Skip to main content

Datadog

Integrate with Datadog on Anyscale using one of the following two integrations:

  1. Vector (Recommended)
  2. Ray integration with Datadog Agent

The Vector integration is strongly recommended because:

  • it has a one time setup
  • Ray emits any new metrics without any host configuration changes
  • you can easily clone the Grafana dashboards provided by Anyscale and convert them into Datadog dashboards

The Datadog Agent integration has significant limitations because:

One of the few reasons to use the Datadog Agent integration is to get host metrics.

Ray integration with Datadog Agent

Set up Anyscale clusters with the Ray integration for the Datadog Agent, a plugin that Datadog designed to send events, metrics, and logs from Ray clusters to Datadog. It includes a dedicated dashboard.

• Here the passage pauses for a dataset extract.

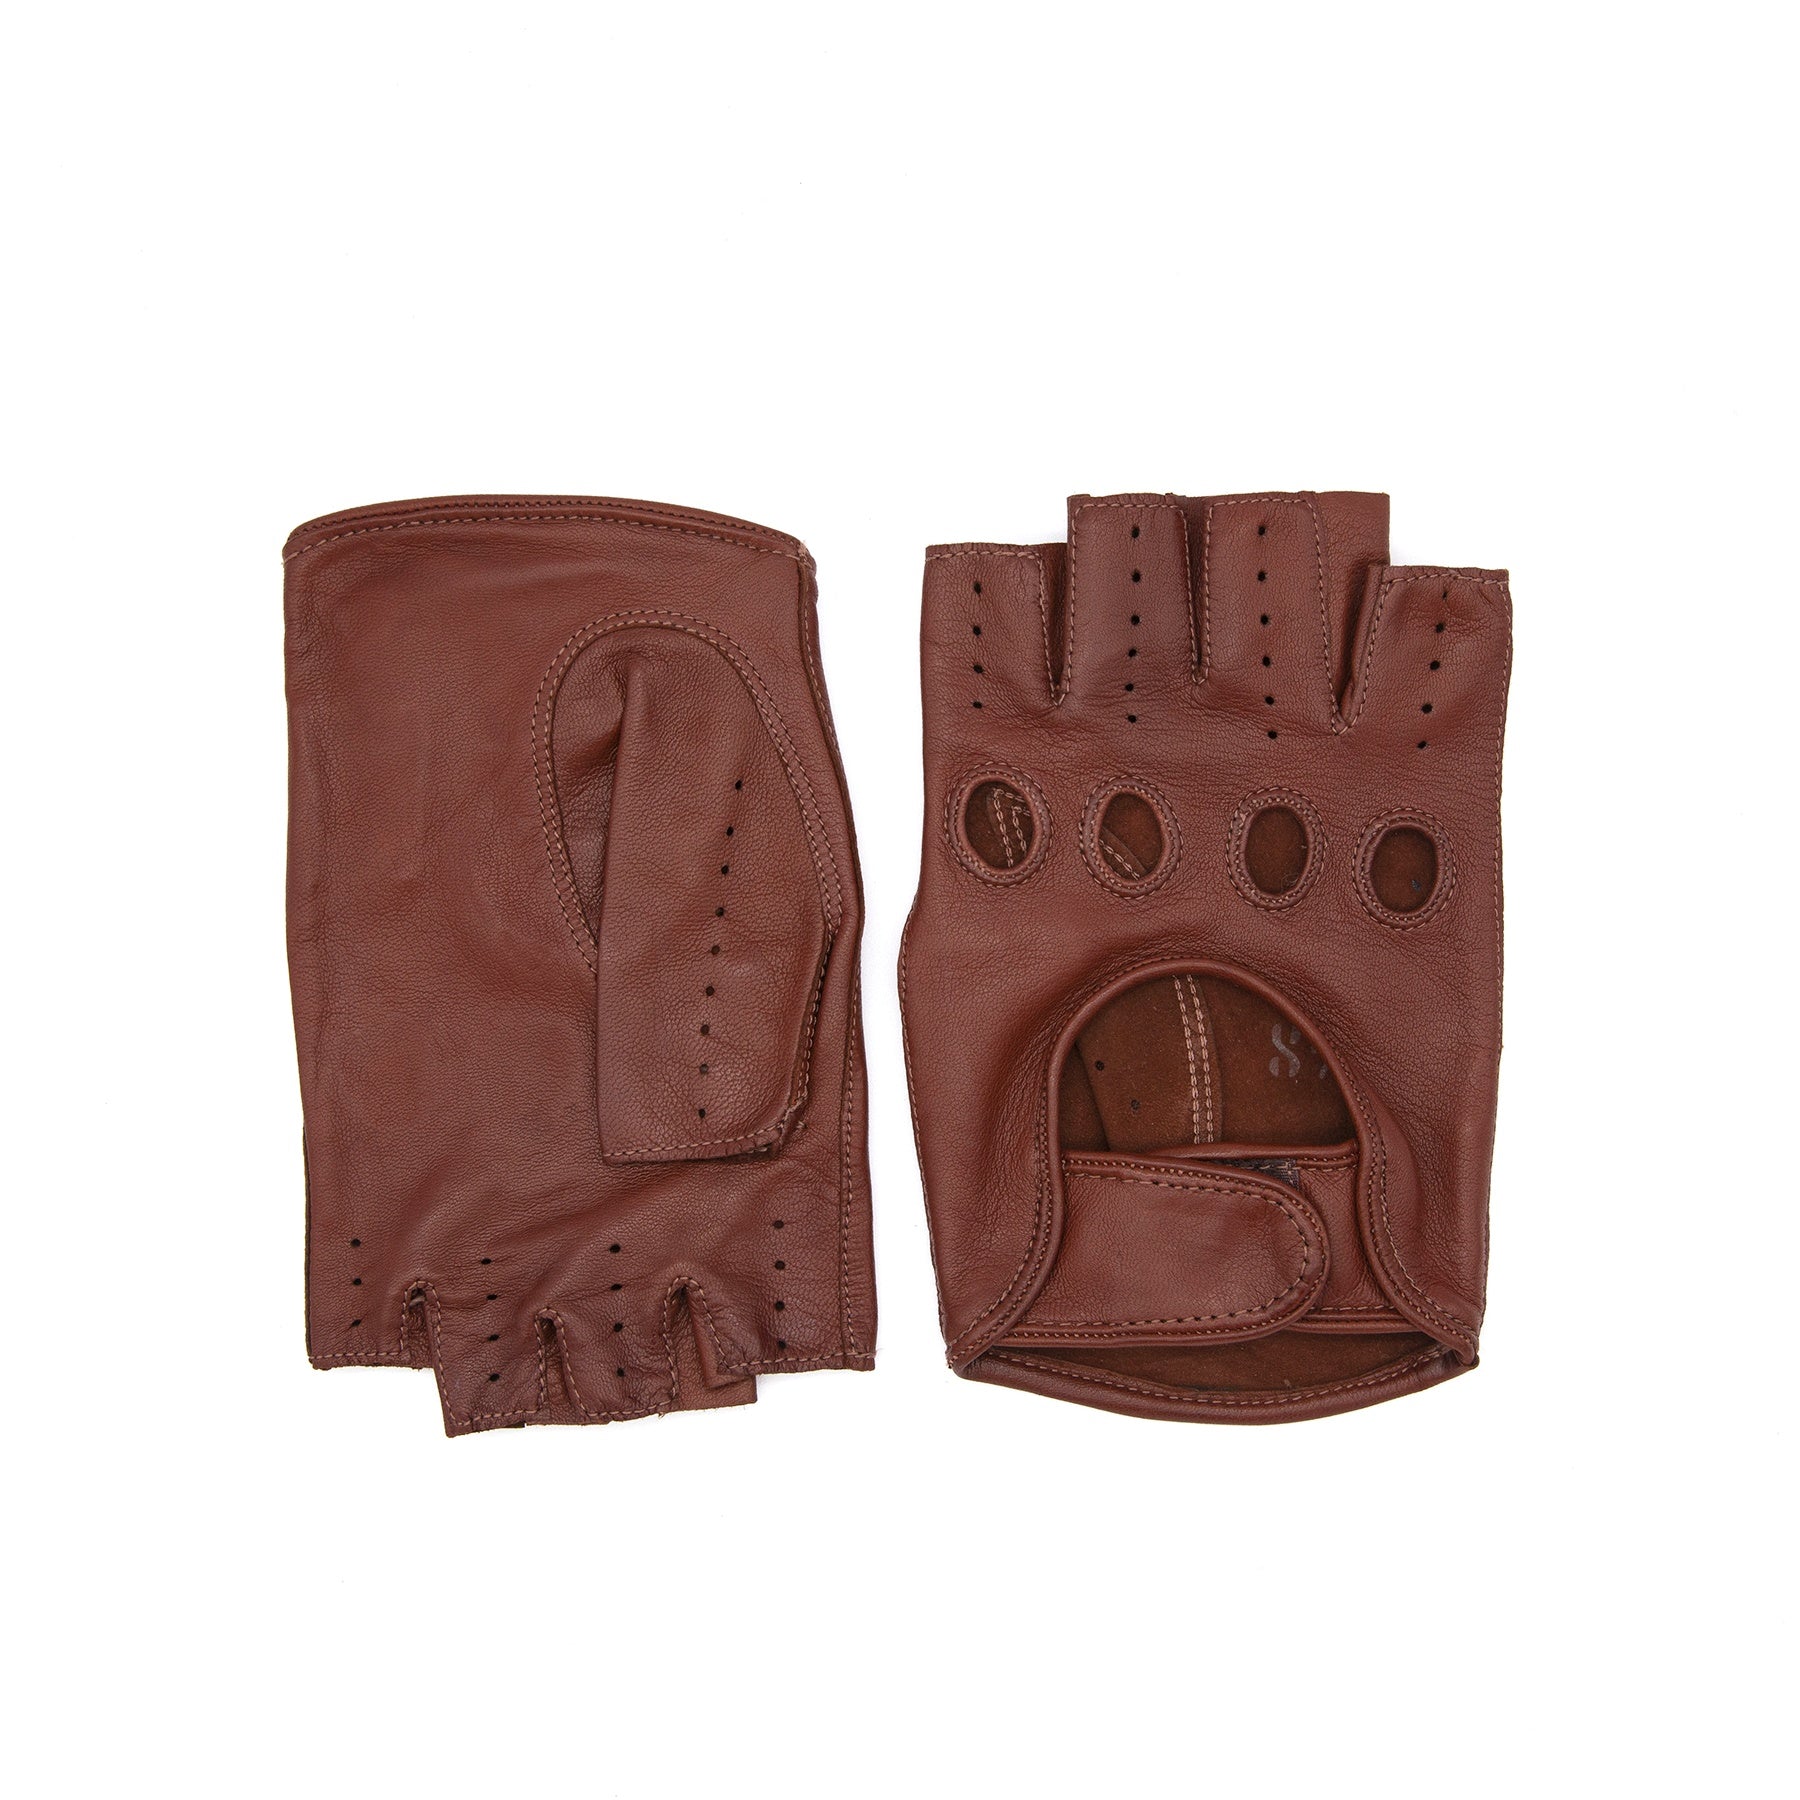 Men's cognac leather half fingers driving gloves with strap closure

Before you proceed with this Datadog Agent integration, consider using the recommended Vector integration.

Pre-requisites

Setup

Create a Docker image on Anyscale to configure the Datadog Agent with Ray. You can use this image for any of your Anyscale workloads. This guide pre-configures the Datadog Agent to emit appropriate settings so you can use the Ray integration from Datadog.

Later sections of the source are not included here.